▸ Exercise details:
What follows is a listing; repeat exactly, and only, its lines from the one holding "Red Yves Saint" through the last, leaving any pictures out.

▸ Data below:

:::::

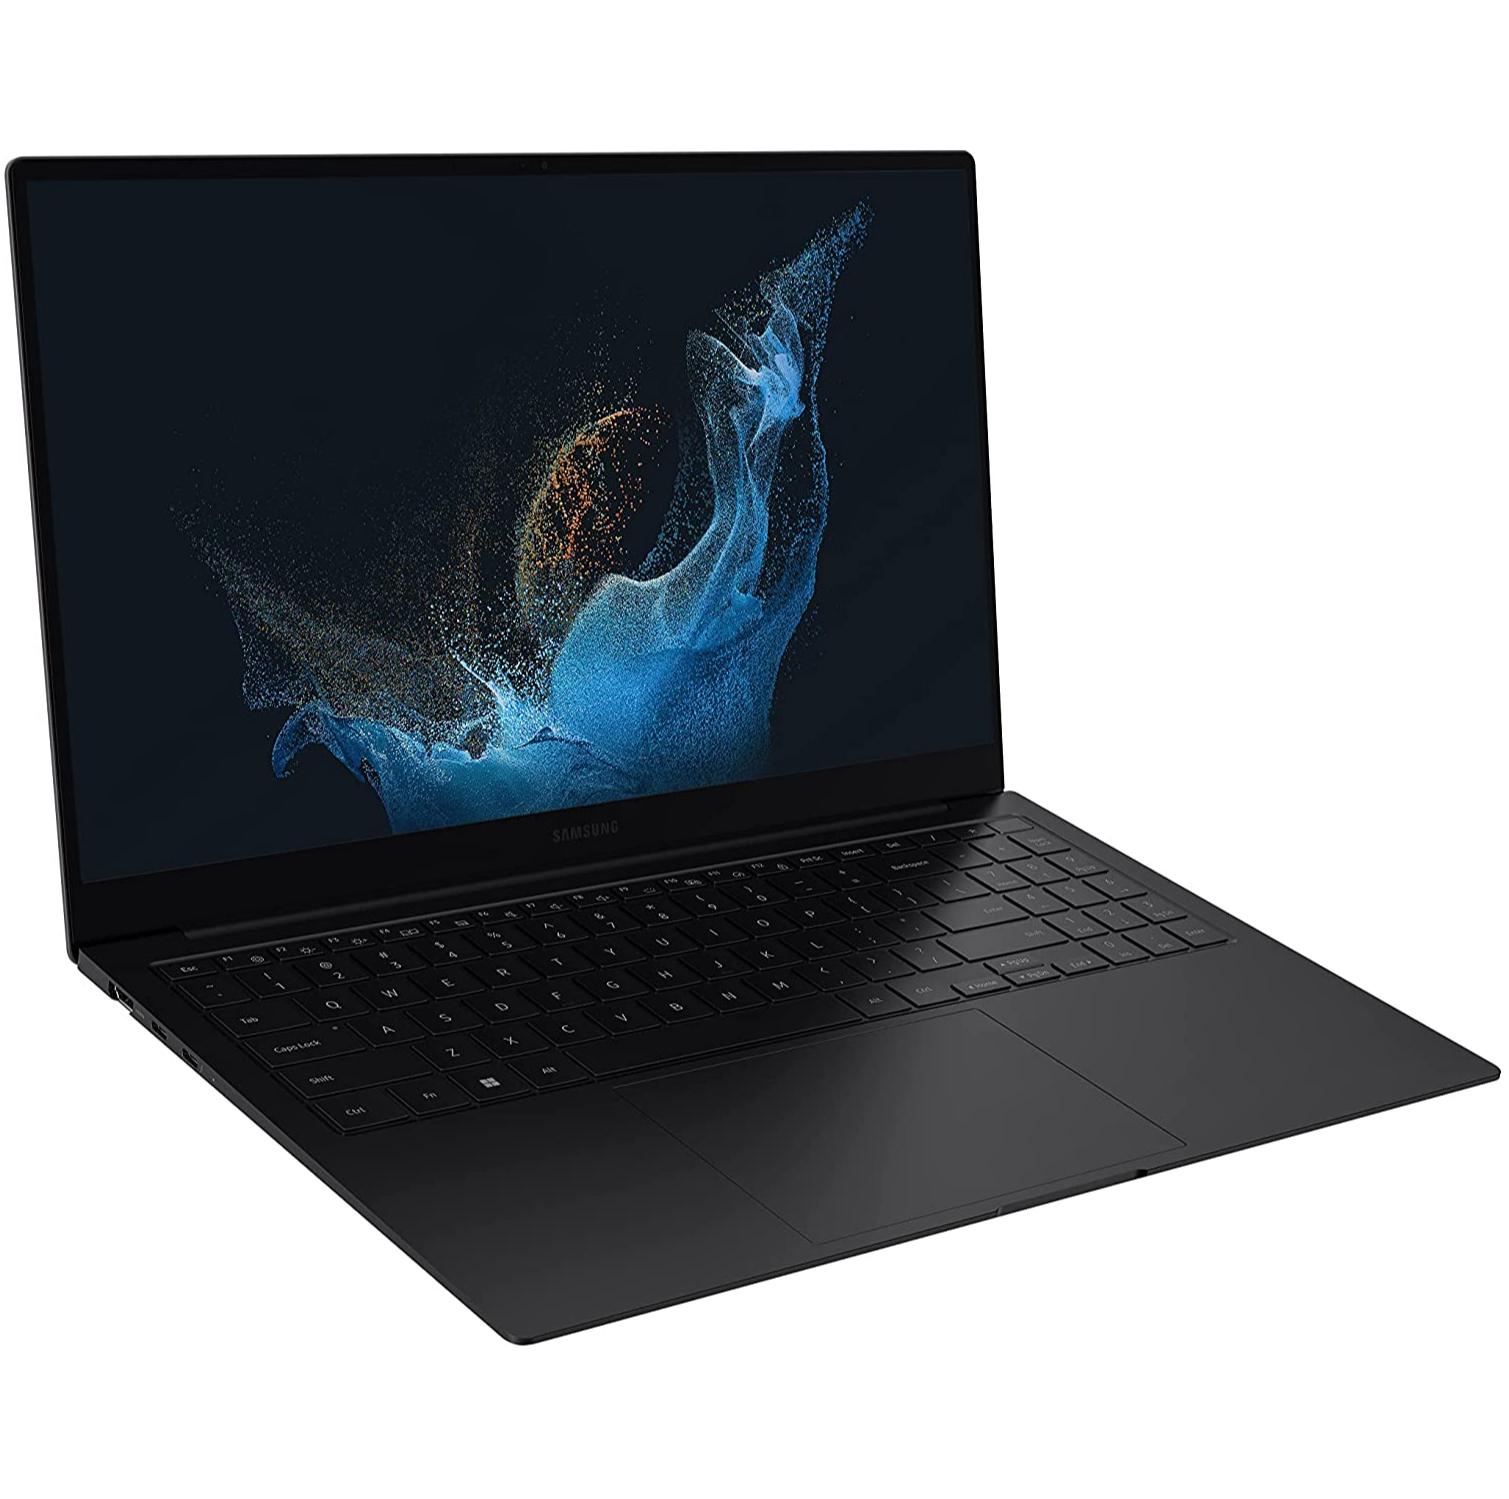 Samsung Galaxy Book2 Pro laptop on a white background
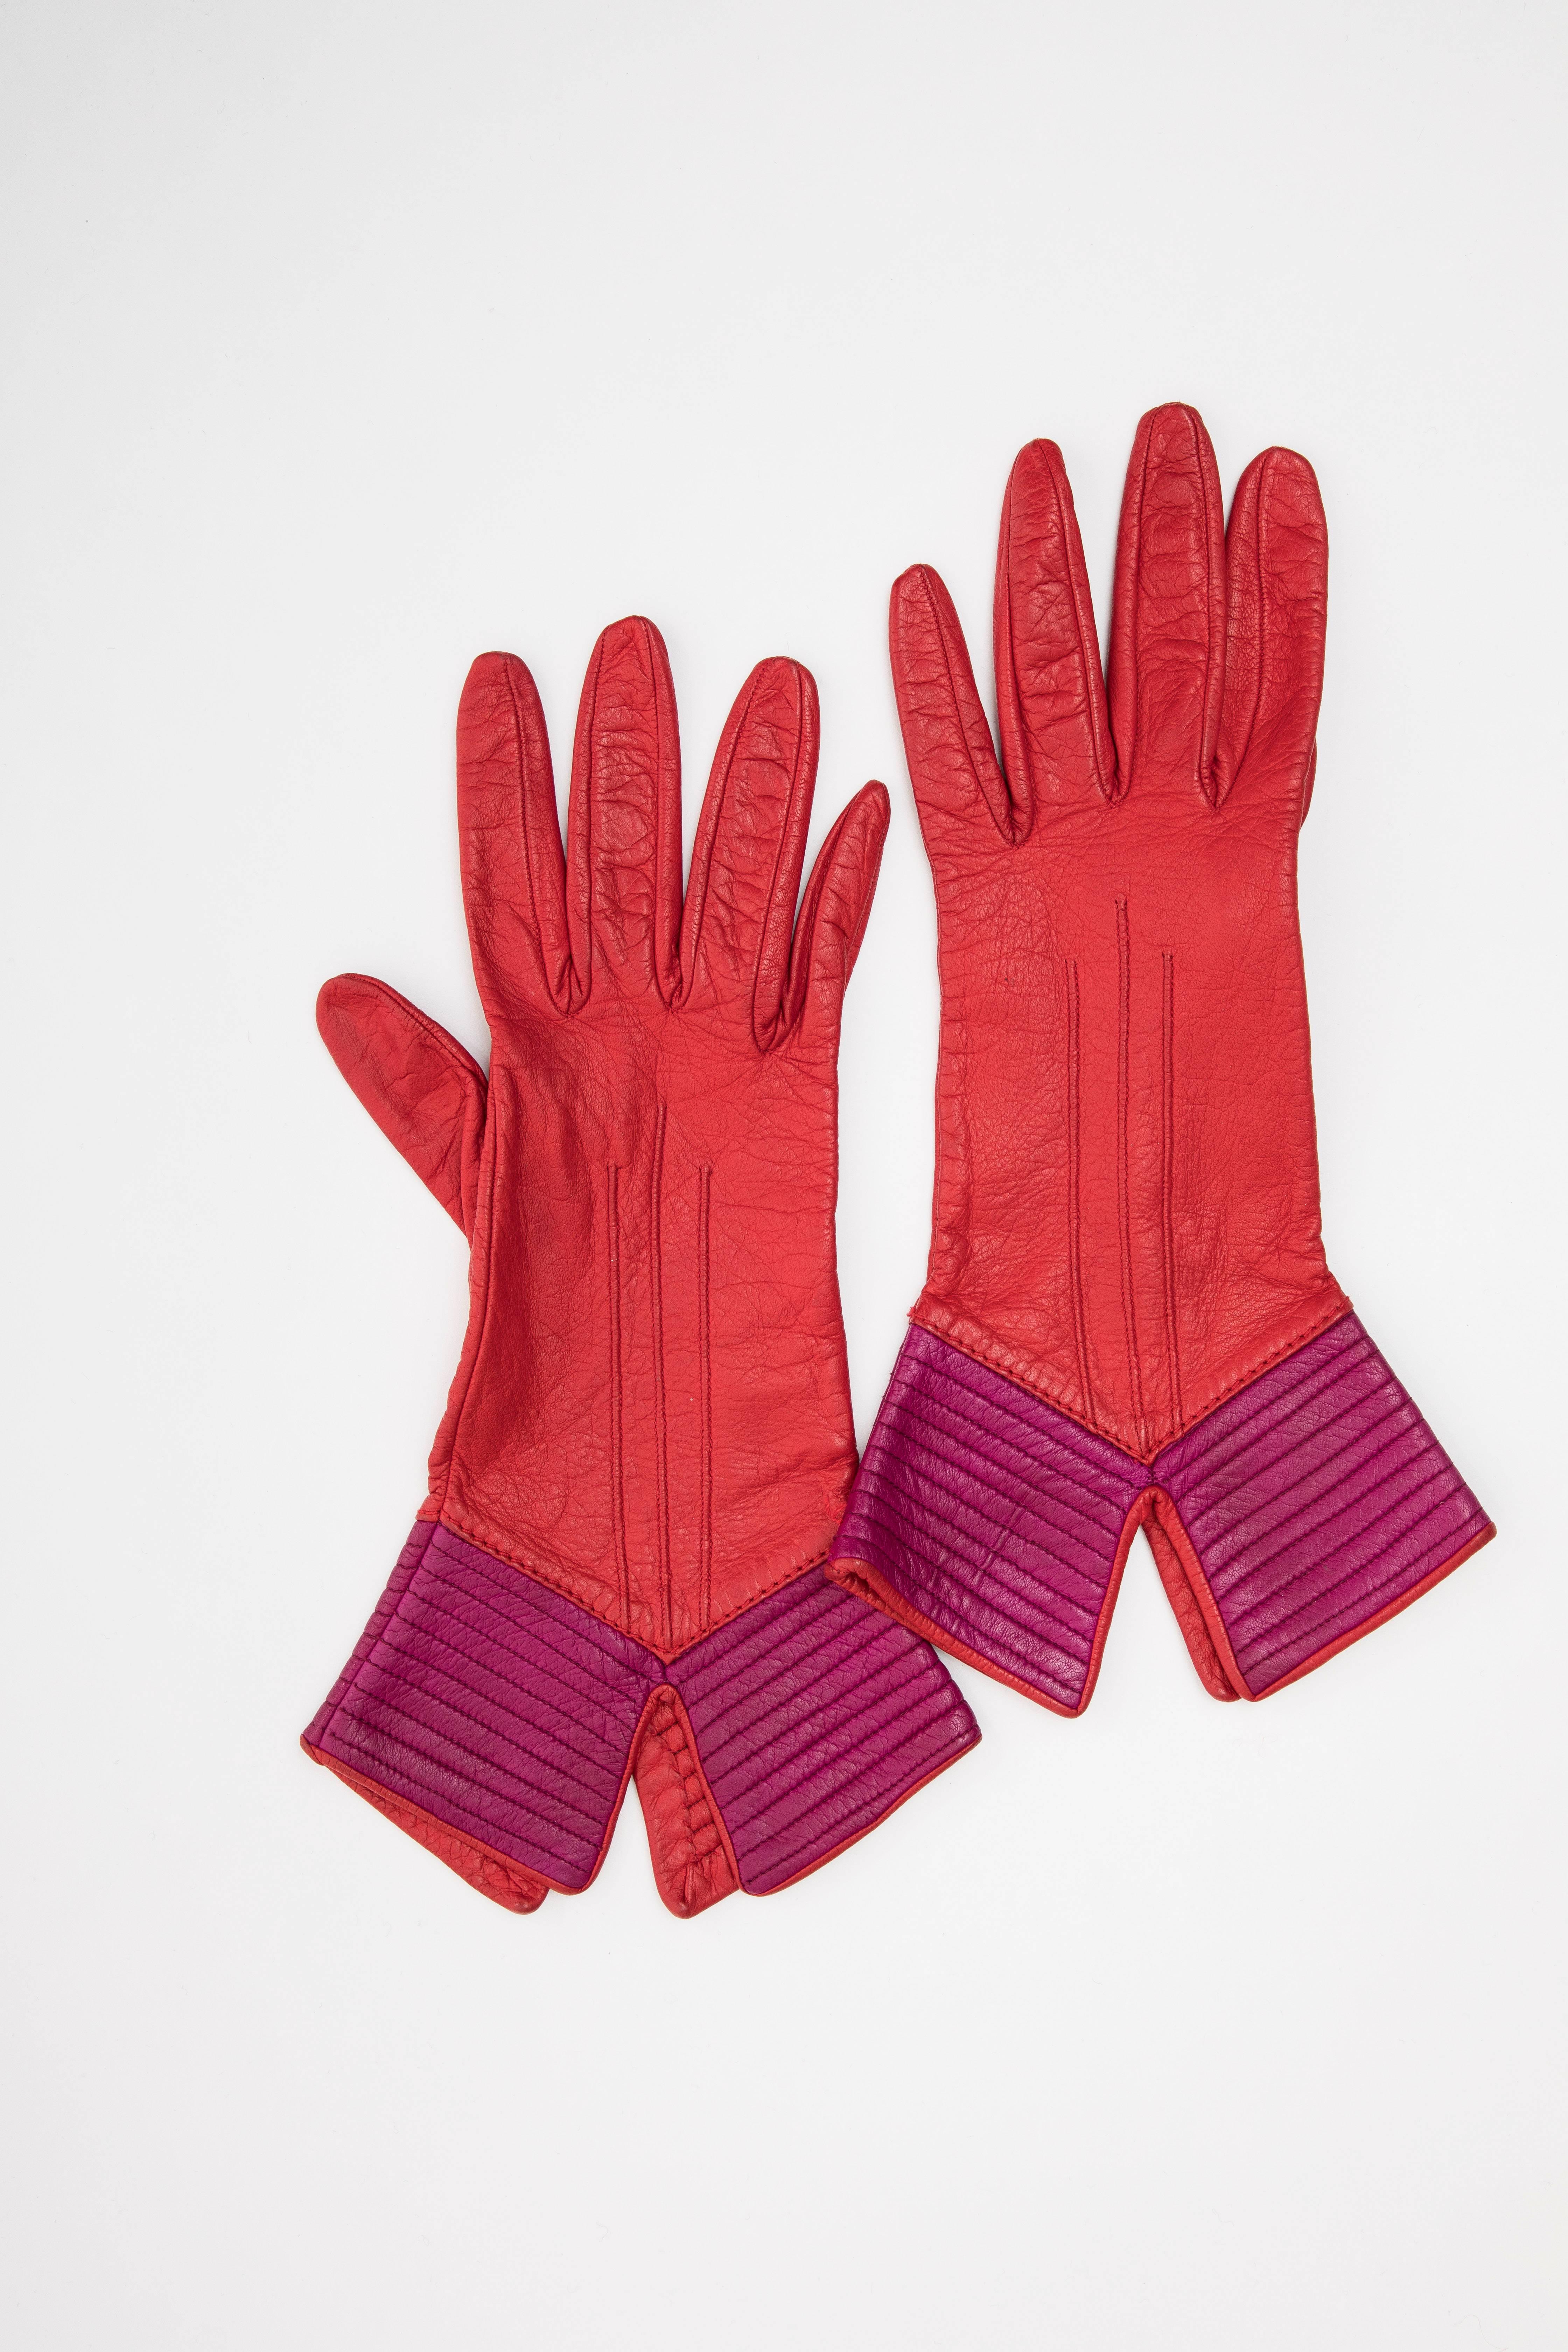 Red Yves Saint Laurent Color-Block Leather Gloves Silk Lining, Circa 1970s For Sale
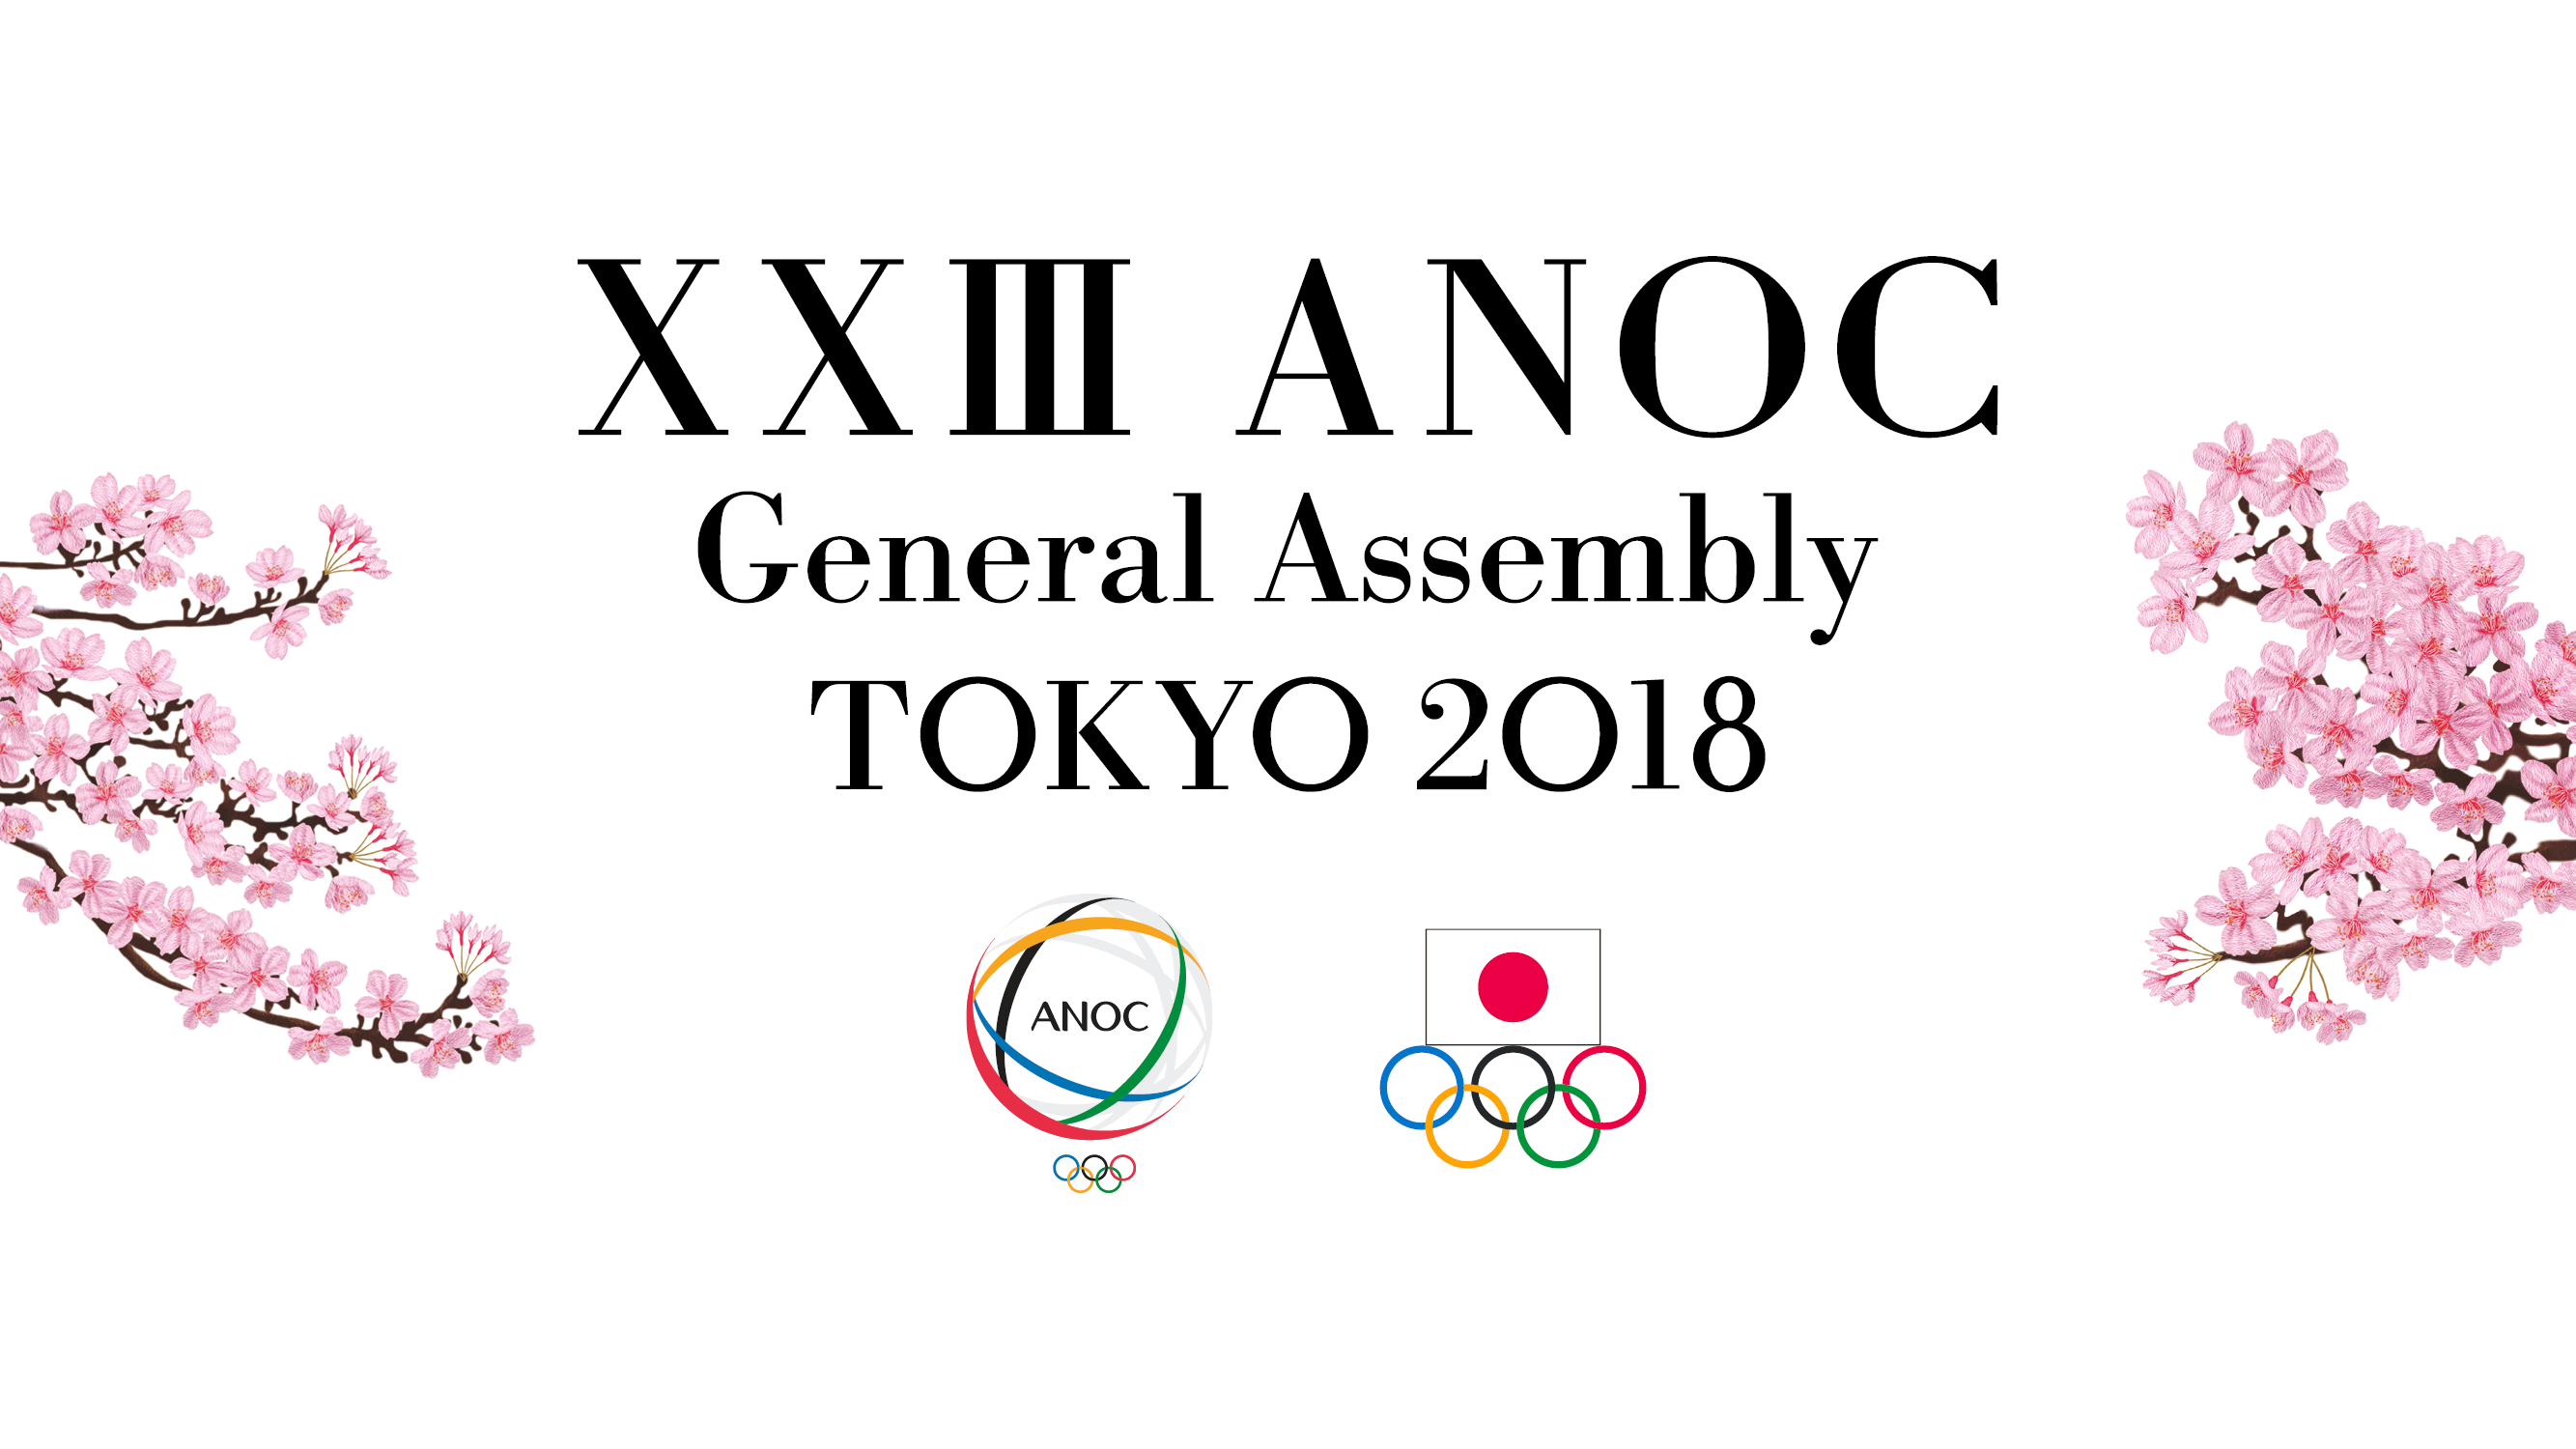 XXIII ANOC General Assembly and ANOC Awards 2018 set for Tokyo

:::::

▸ Answer to the exercise:
 Red Yves Saint Laurent Color-Block Leather Gloves Silk Lining, Circa 1970s For Sale
 XXIII ANOC General Assembly and ANOC Awards 2018 set for Tokyo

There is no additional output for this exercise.